One branch, the Mountain Branch, of the Santa Fe Trail, led up the Arkansas, to it, and on, to turn south across the Raton Mountain for Santa Fe. The Cheyennes gathered near-by, every fall, for their great winter camp. The Utes from the Rocky Mountains, one hundred and thirty miles west, sometimes came down. A traders' and trappers' trail between Santa Fe and the Platte River passed this way. It was a sort of a cross-roads, in the wilderness.

Bent's Fort, called also Fort William after William Bent, was built of adobe or clay bricks. It was one hundred and fifty feet long and one hundred feet wide. Its walls were eighteen feet high, and six or seven feet thick at the base. The tops formed a parapet or walk. In two diagonally opposite corners were bastions of round towers, thirty feet high, swelling out so as to command the walls. The main gateway was thirty feet wide and closed by a pair of huge plank doors. Over the gateway there was a sentry box, floating the United States flag. The six-pounder brass cannon of the caravan was mounted upon a wall, on a swivel, to fire in all directions; other cannon were added.

Bent's Fort became famous. Soon all the Indians for leagues around knew of it. The Arapahos and the Southern Cheyennes traded in their buffalo robes here; the mountain Utes, and the Red River Comanches of northern Texas came in. At one time, in the late fall and in the winter, twenty thousand Indians would be camped within sight of it.

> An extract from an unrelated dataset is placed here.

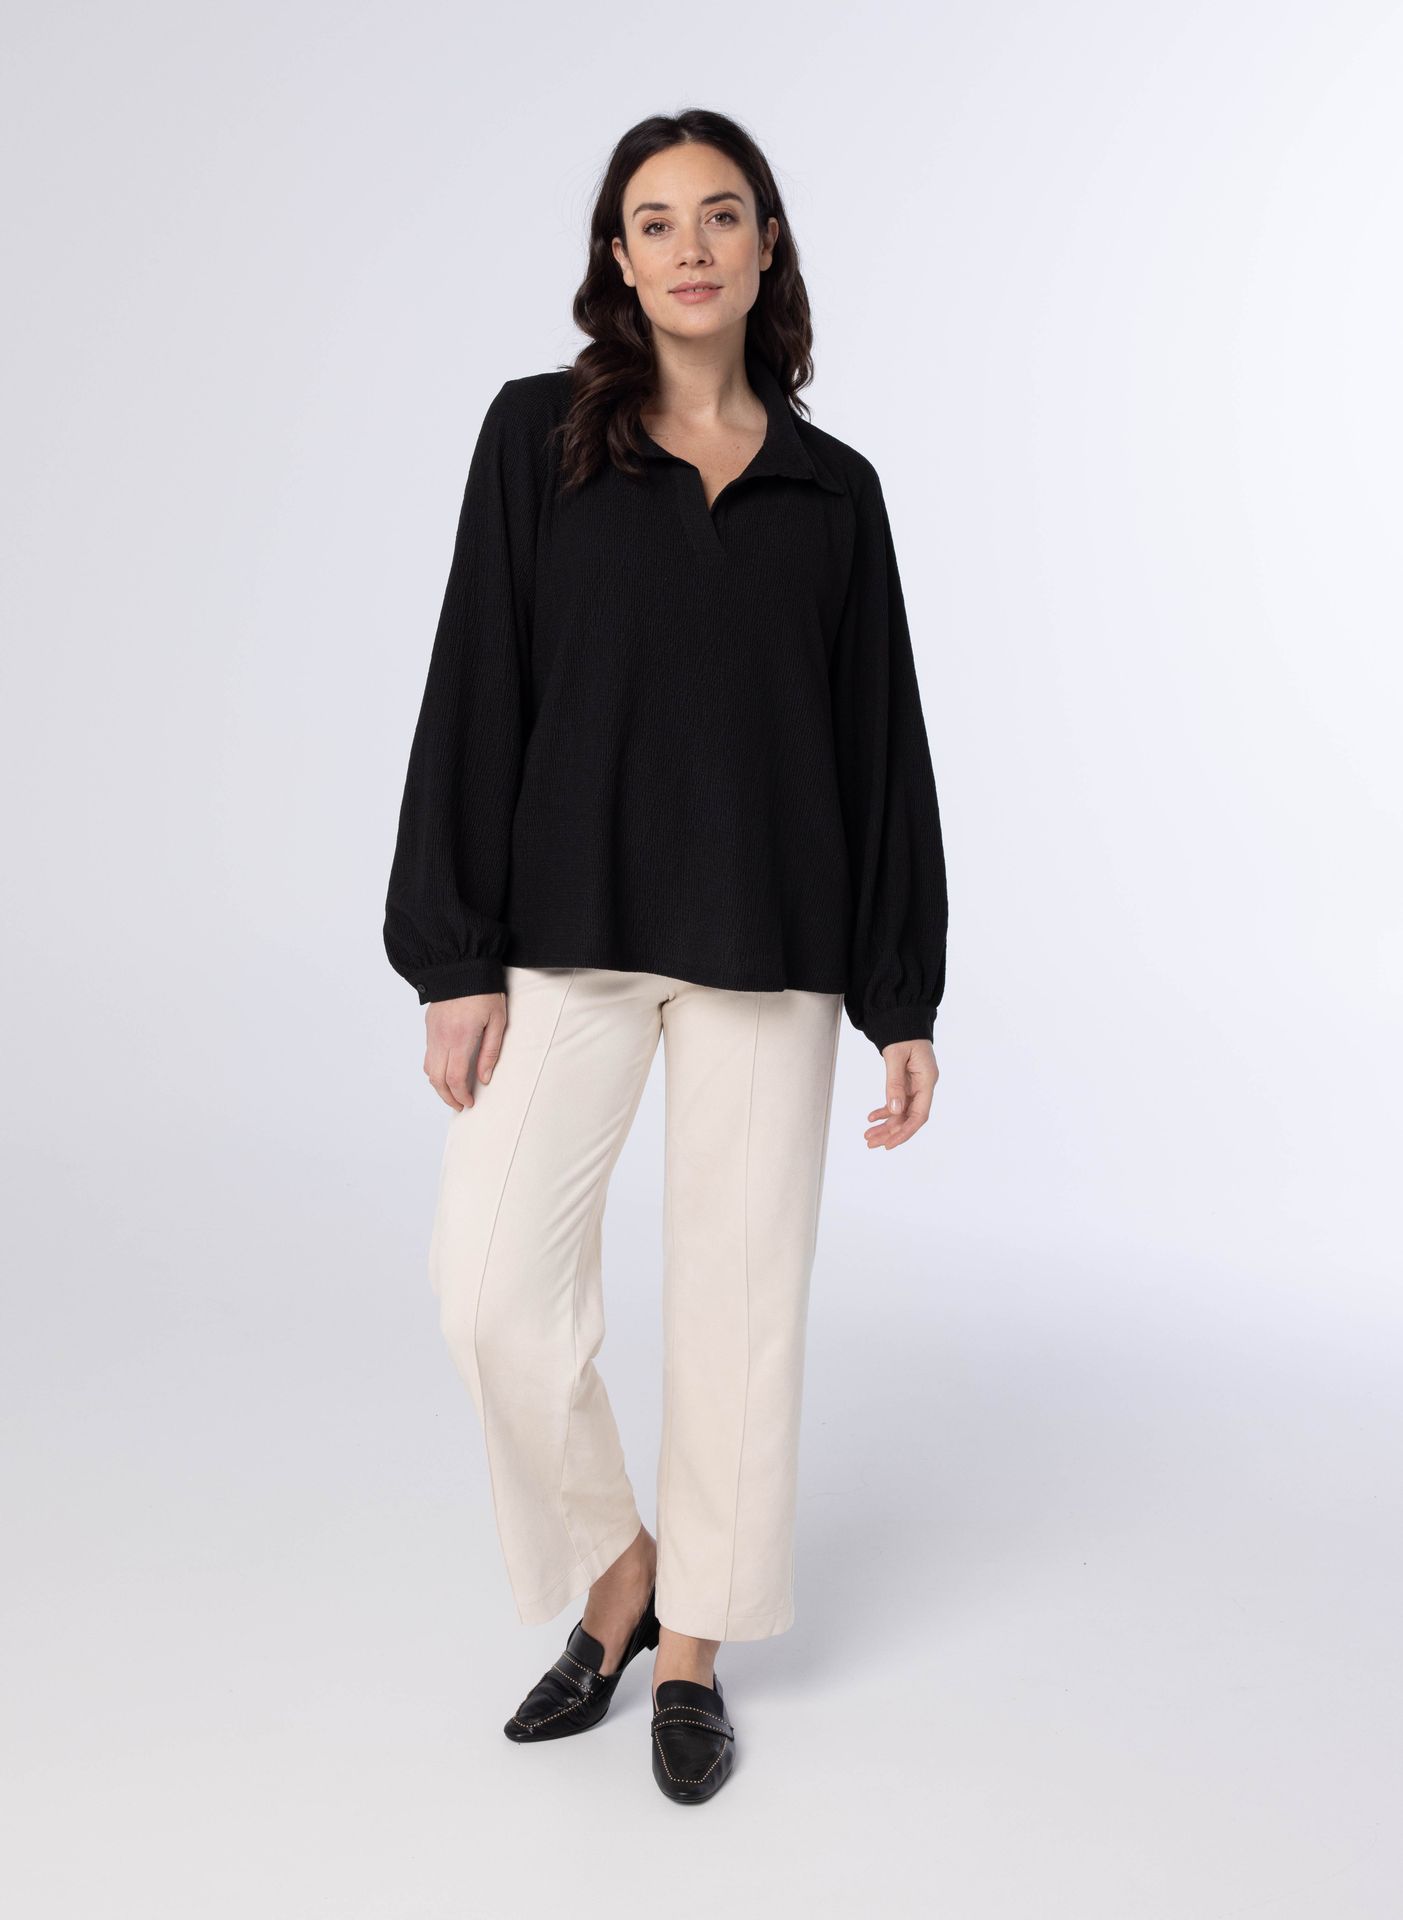 Norah Zwarte blouse met pofmouwen black 214092-001

Trappers from north, west and south made it their market and headquarters. Traders trailed in, from the States and from New Mexico. In 1846 General Stephen Watts Kearny's army from Leavenworth for Santa Fe and California halted here, to refit.

So Bent's Fort prospered. It had the only ice-house on the plains; the pumpkin pies of its negress cook, Charlotte, spread its fame wider; the rank and file of the Indians and the trappers and traders, and the army officers themselves, swore by Bent's Fort.

The Indians called William Bent "Hook-Nose Man" or "Roman Nose." He married a Cheyenne girl. He was the governor of the fort. His brother George helped. Charles Bent was largely at Santa Fe, at Taos, midway, and on the trail, until in 1846 he was appointed first American governor of New Mexico.

The next year the Mexicans and Pueblo Indians revolted against the American government, and killed him at his home in Taos.

Bent's Fort lasted through more than twenty years. Then William Bent offered to sell it to the Government for an army post. He asked $16,000; the Government proposed $12,000. They dickered. Colonel Bent would not yield one penny. He had a short stock of patience in dealing with white men or red men either. So in the summer of 1852 he blew up the fort with powder and marched away, to build another post, for Indian trade, thirty miles down-river.

This became Fort Wise, of the army, but was known to the settlers as "old" Fort Lyon.

Ten years after selling it to the Government, this time at his own price, in 1869 William Bent died, aged sixty, near the ranch that he owned only a few miles from the ruins of his celebrated Bent's Fort.